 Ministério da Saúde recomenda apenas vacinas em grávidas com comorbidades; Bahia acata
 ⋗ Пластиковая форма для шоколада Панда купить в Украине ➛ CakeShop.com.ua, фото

---

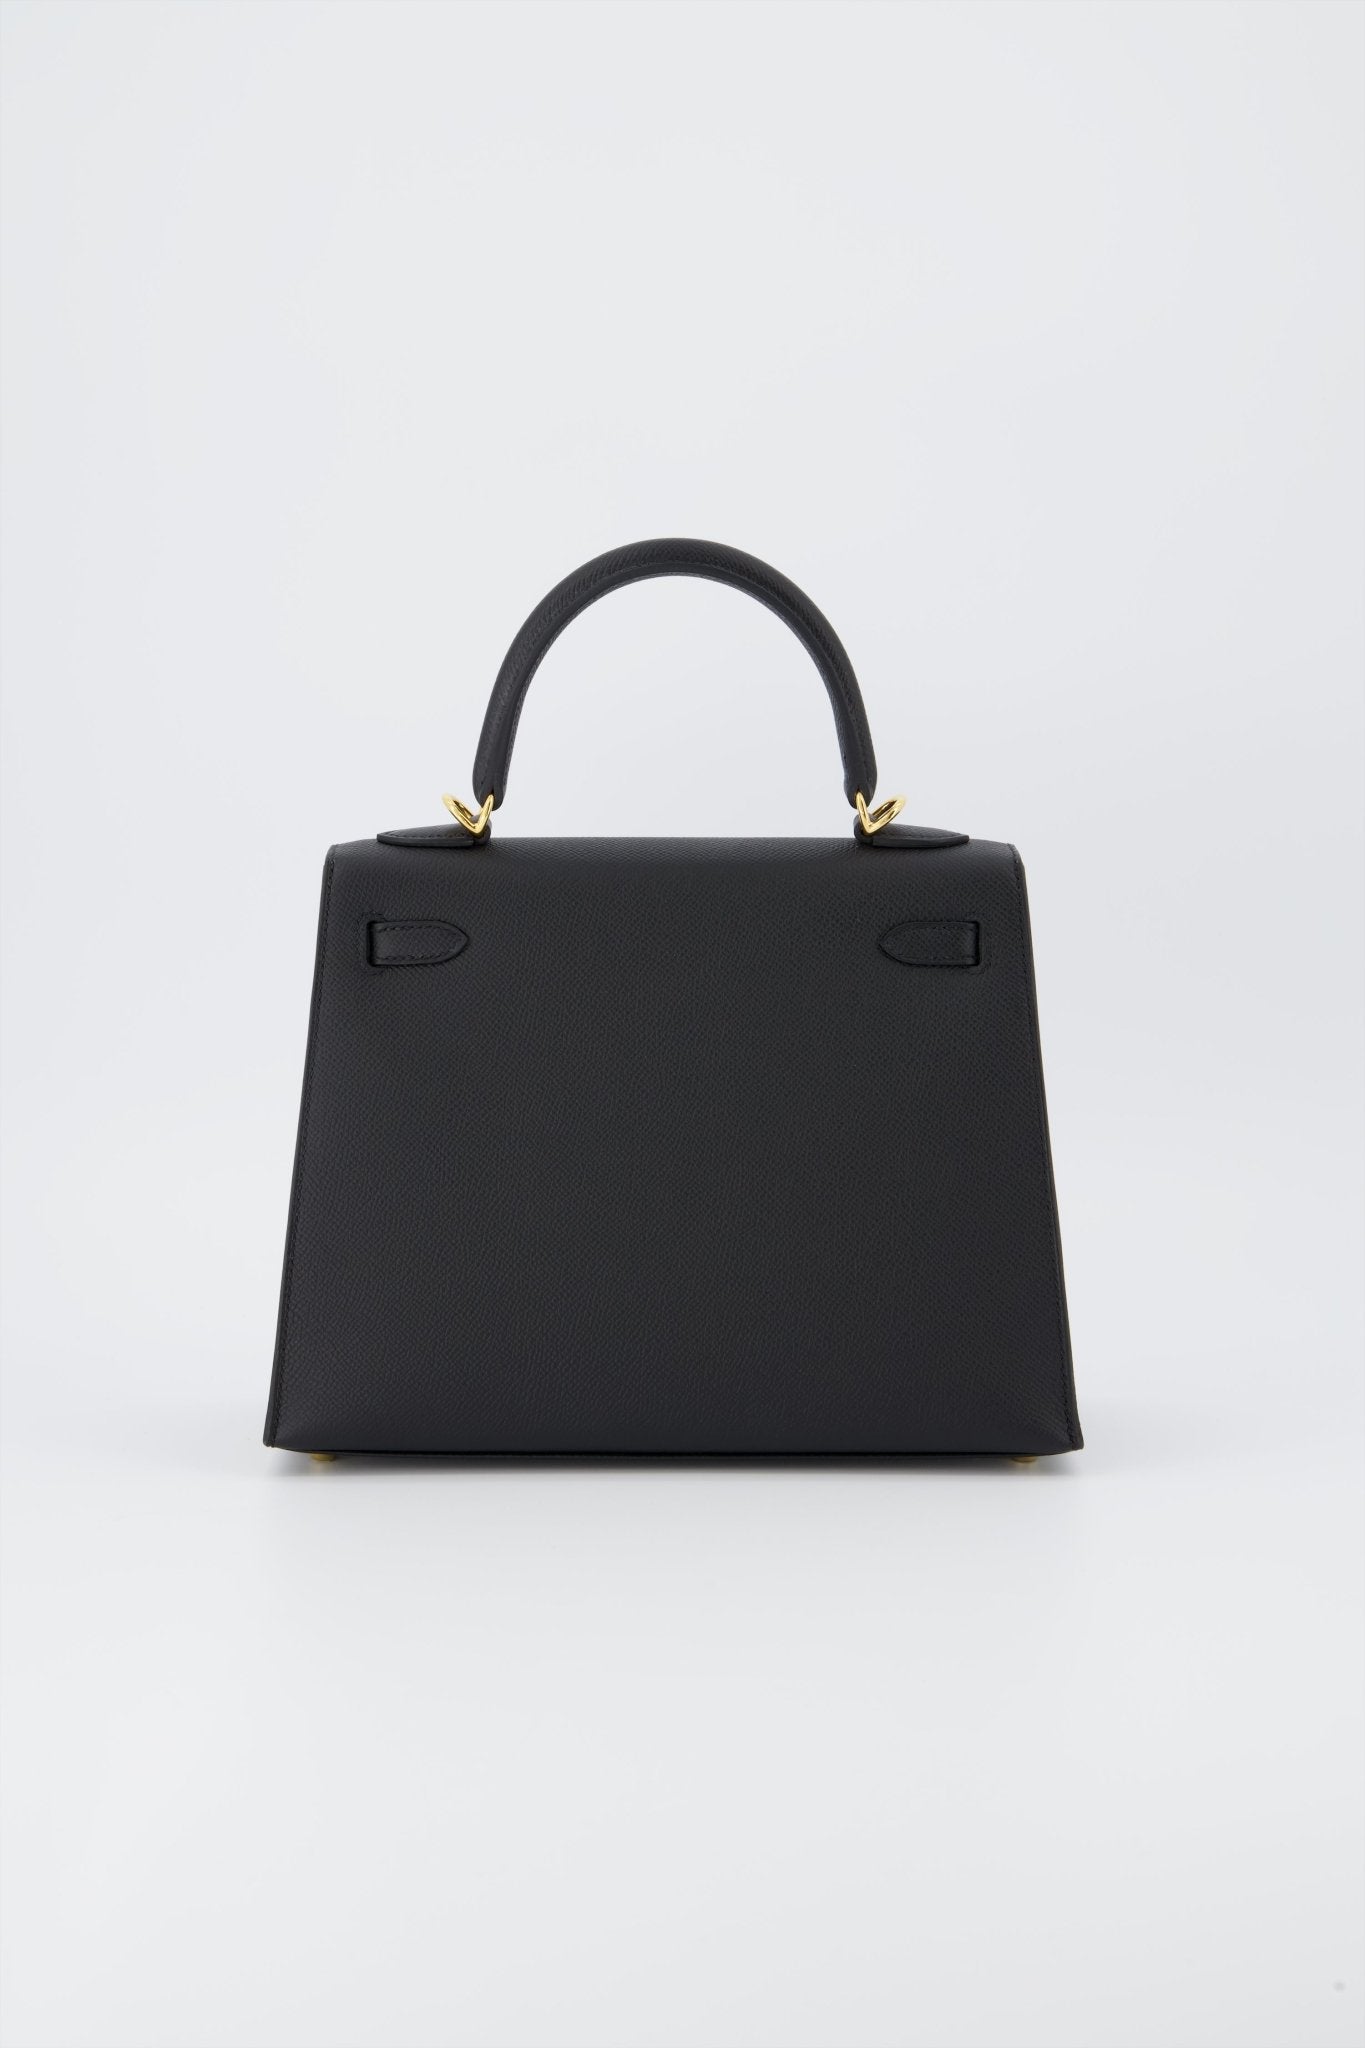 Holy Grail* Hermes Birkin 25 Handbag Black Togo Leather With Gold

What is expected →
In the listing above, find the line containing "Ministério da Saúde" and the line containing "Украине ➛ CakeShop.com.ua, фото", then retype both and every line between them exactly, with nothing else.

Your response →
 Ministério da Saúde recomenda apenas vacinas em grávidas com comorbidades; Bahia acata
 ⋗ Пластиковая форма для шоколада Панда купить в Украине ➛ CakeShop.com.ua, фото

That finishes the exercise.